BEGIN

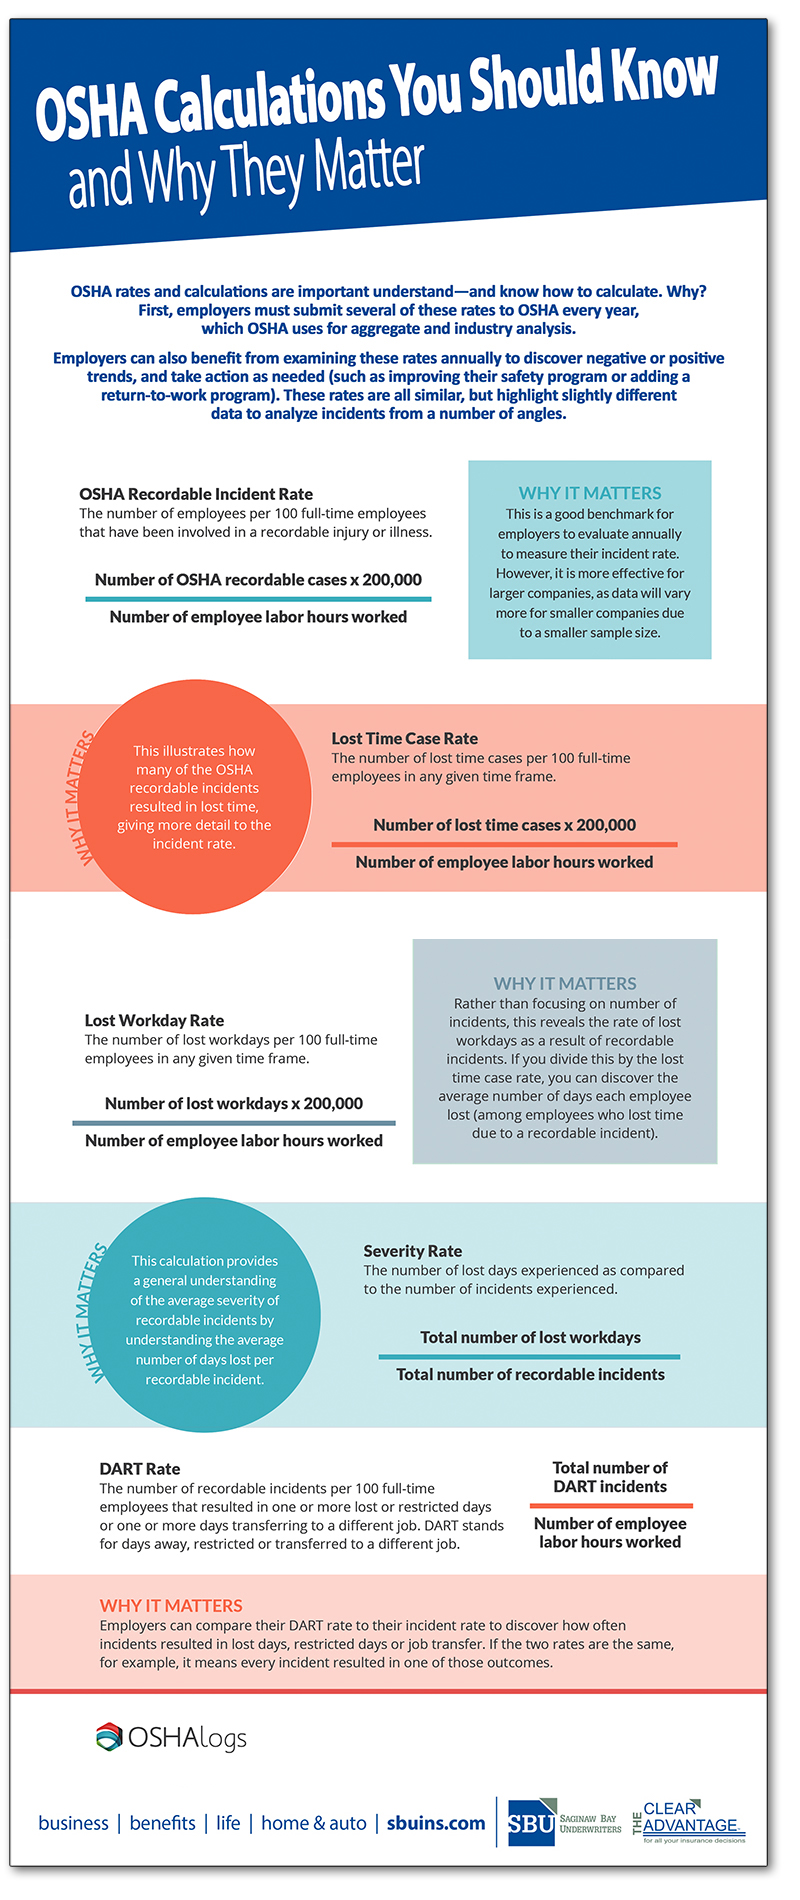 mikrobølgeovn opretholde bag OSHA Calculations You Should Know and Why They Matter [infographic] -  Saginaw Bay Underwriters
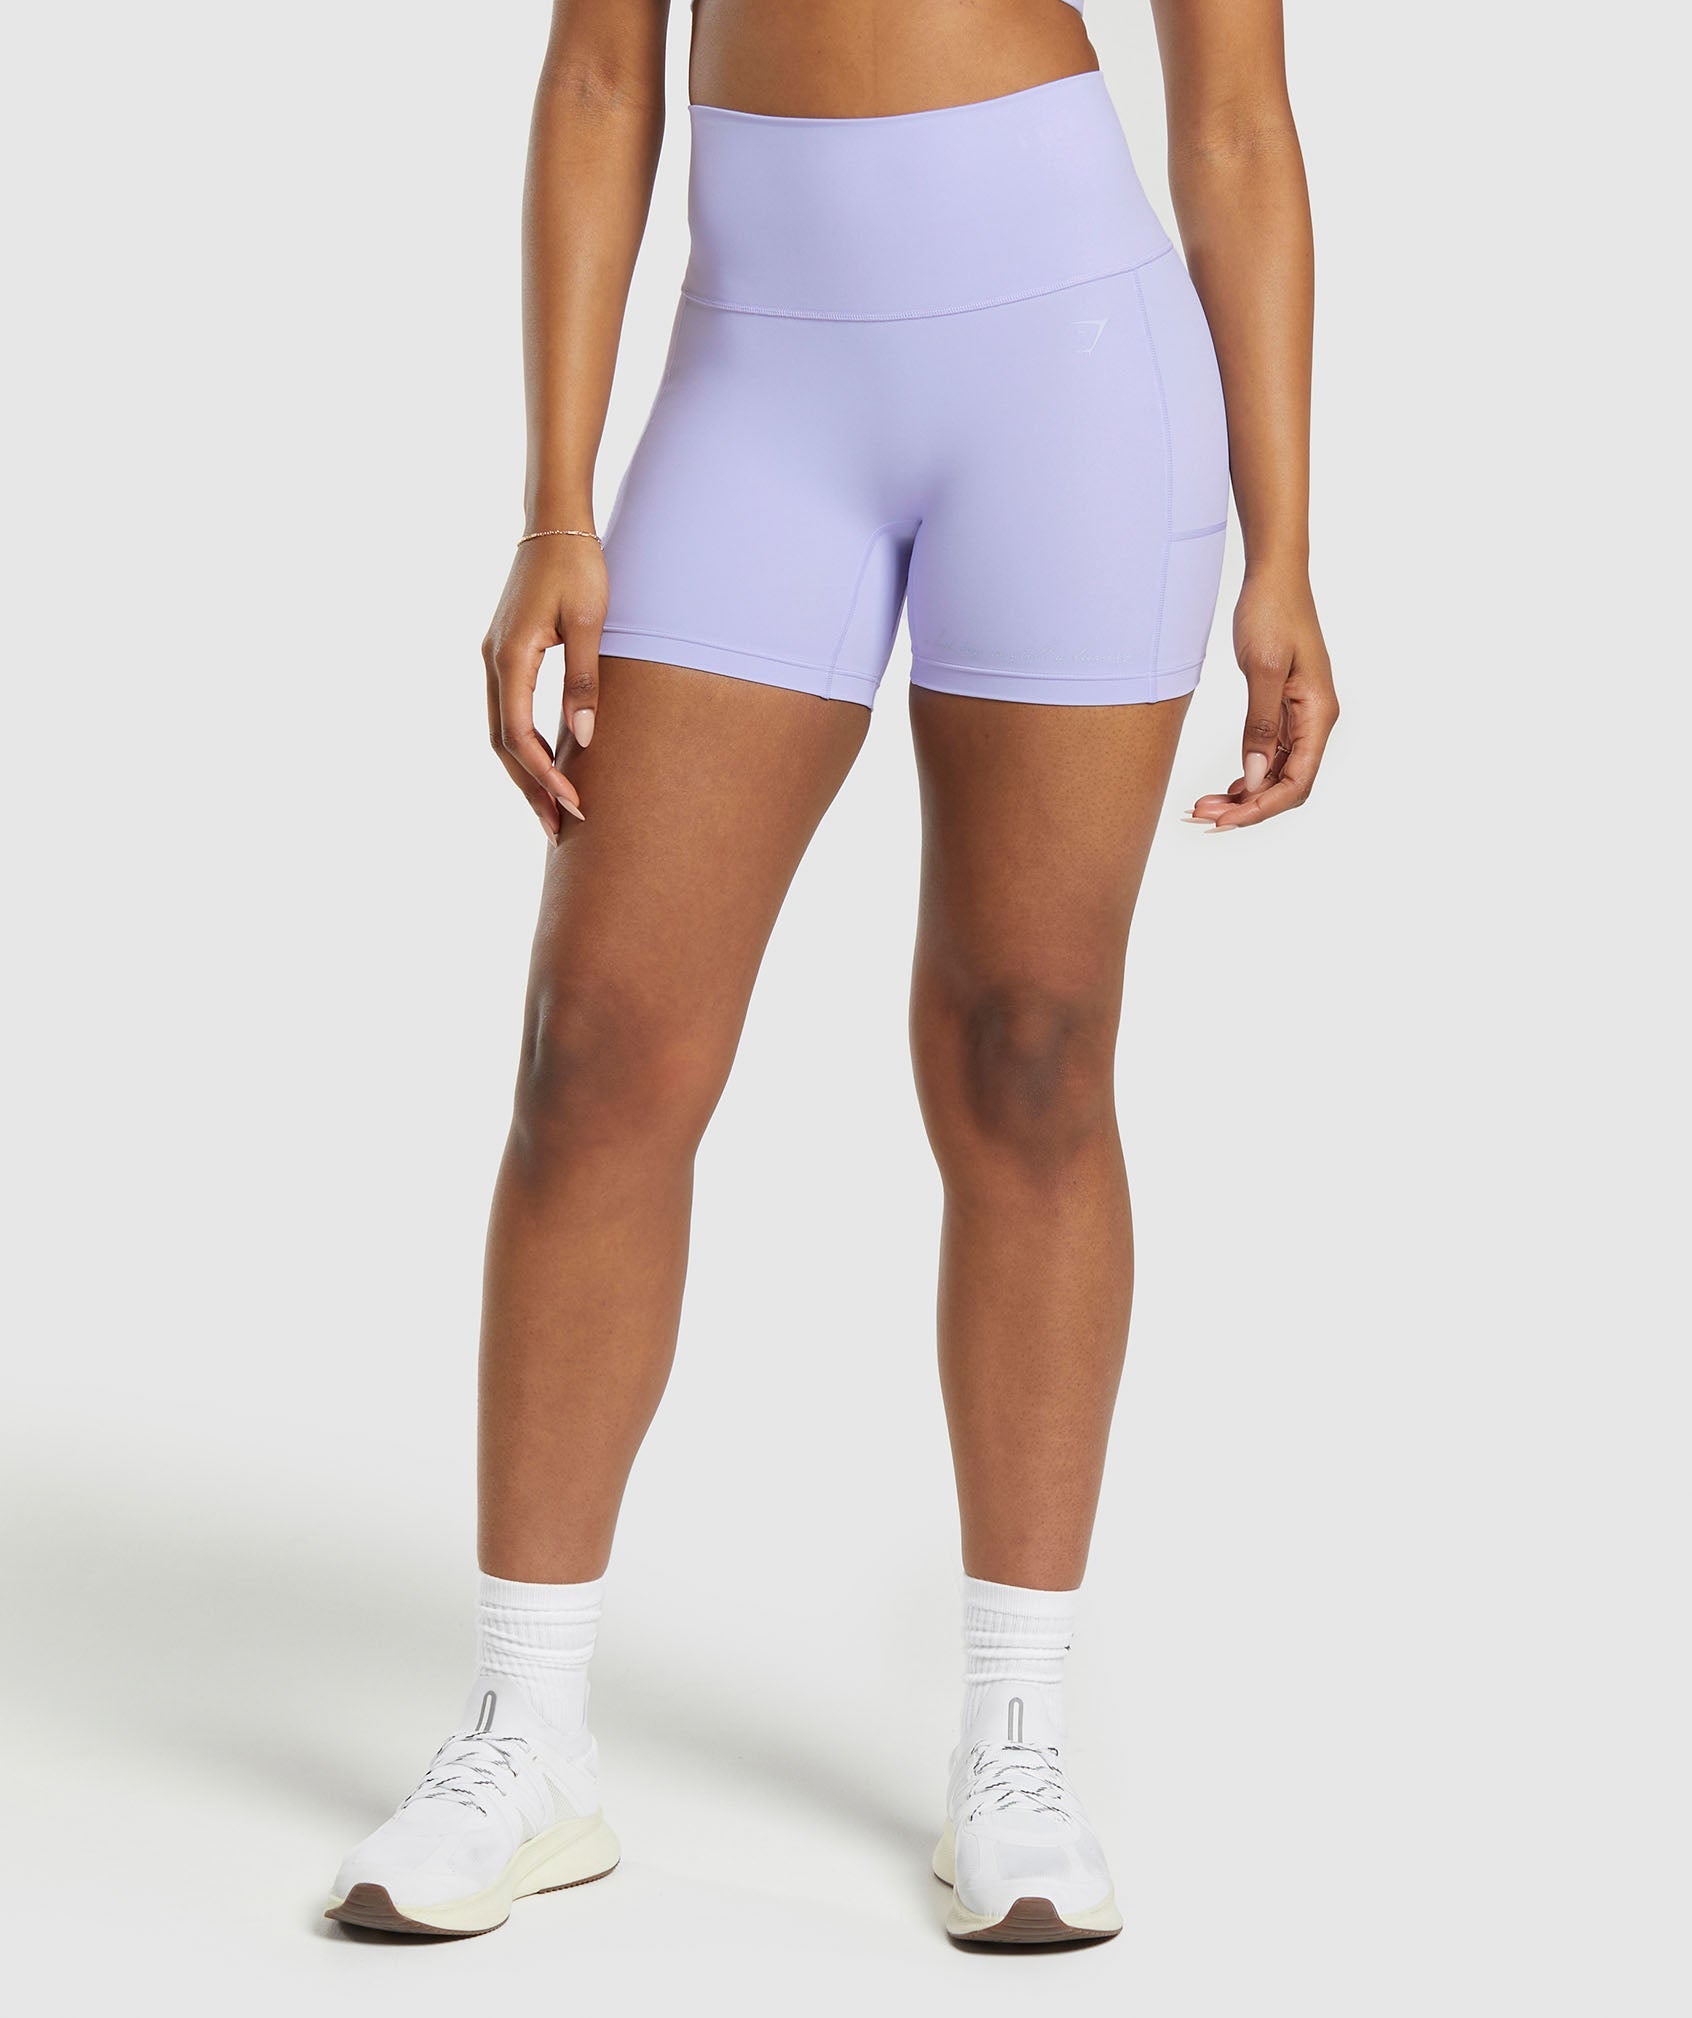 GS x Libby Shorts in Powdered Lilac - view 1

END
BEGIN

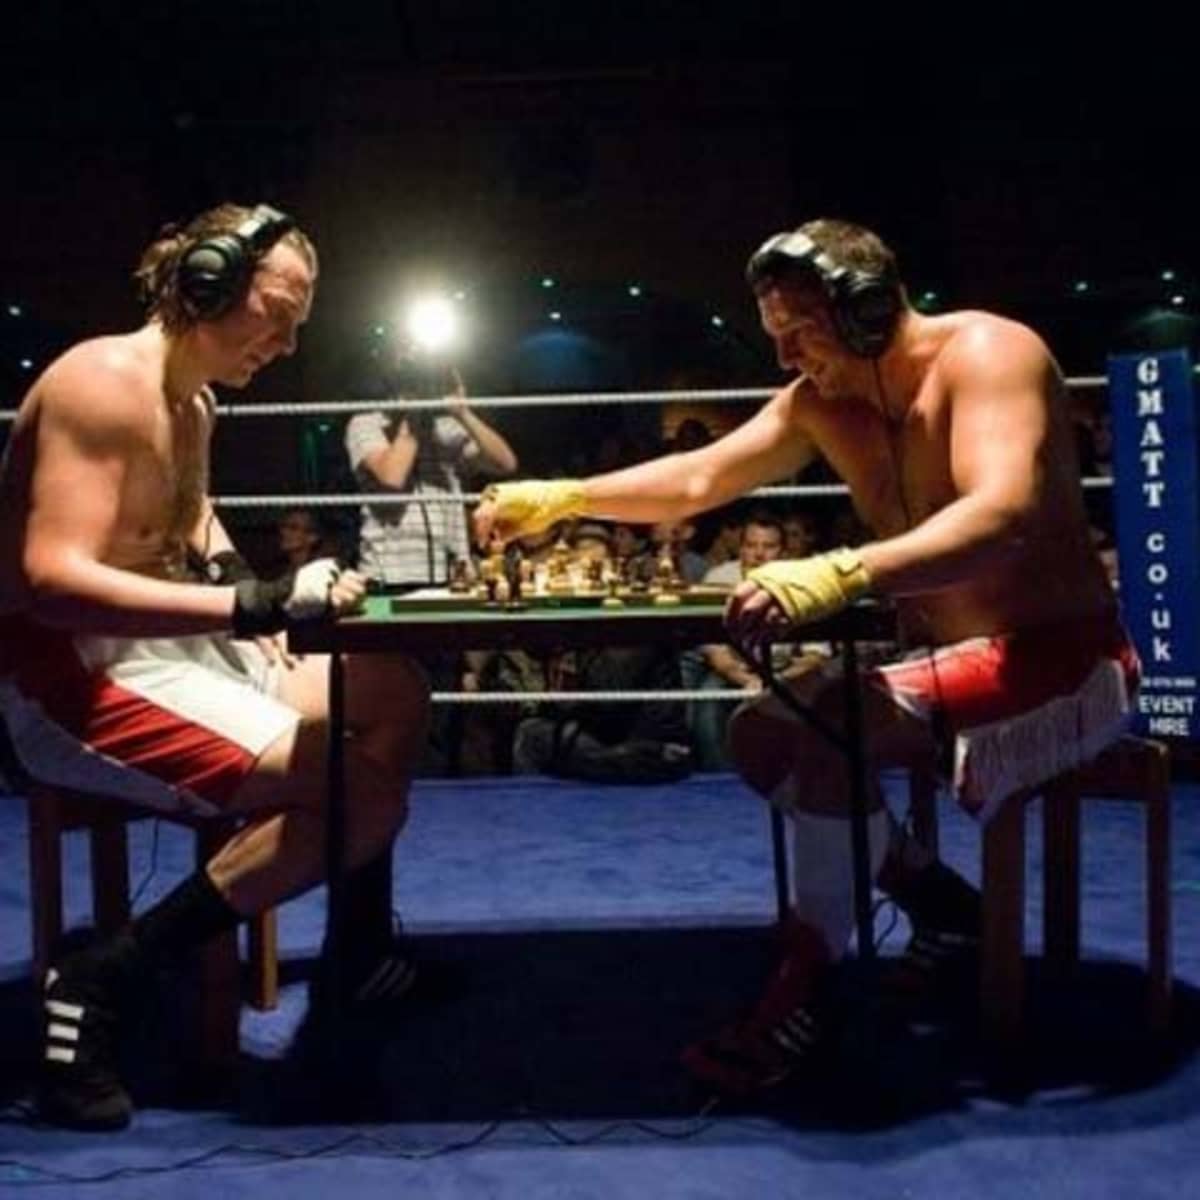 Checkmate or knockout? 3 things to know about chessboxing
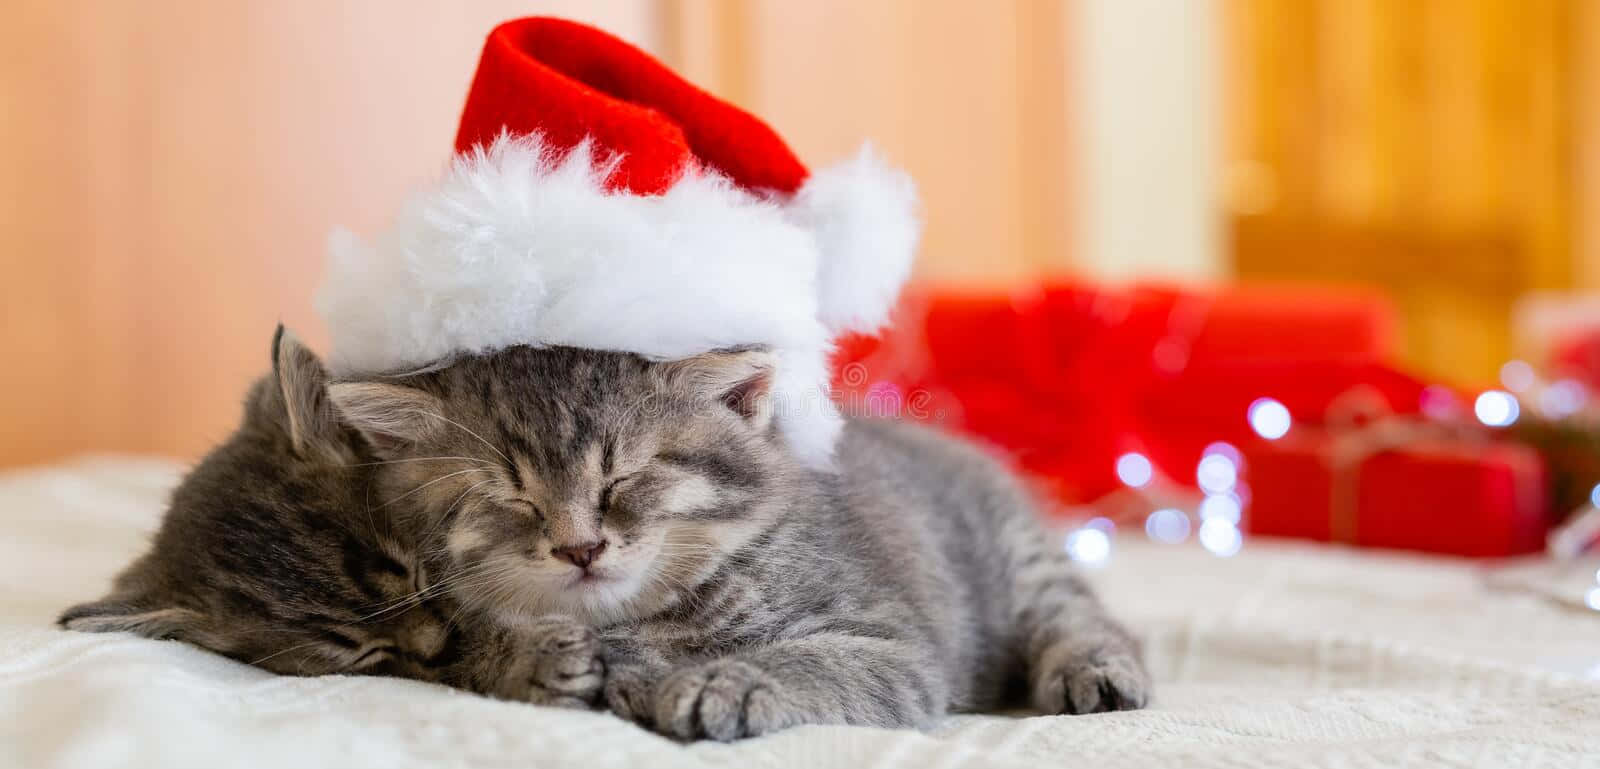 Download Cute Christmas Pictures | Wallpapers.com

END

■ Task objective
In the records above, copy exactly everything from the line that has "mikrobølgeovn opretholde bag" down to the line that has "GS x Libby Shorts in Powdered Lilac - view 1", both ends included, and leave out the pictures.

■ Result
 mikrobølgeovn opretholde bag OSHA Calculations You Should Know and Why They Matter [infographic] -  Saginaw Bay Underwriters
 GS x Libby Shorts in Powdered Lilac - view 1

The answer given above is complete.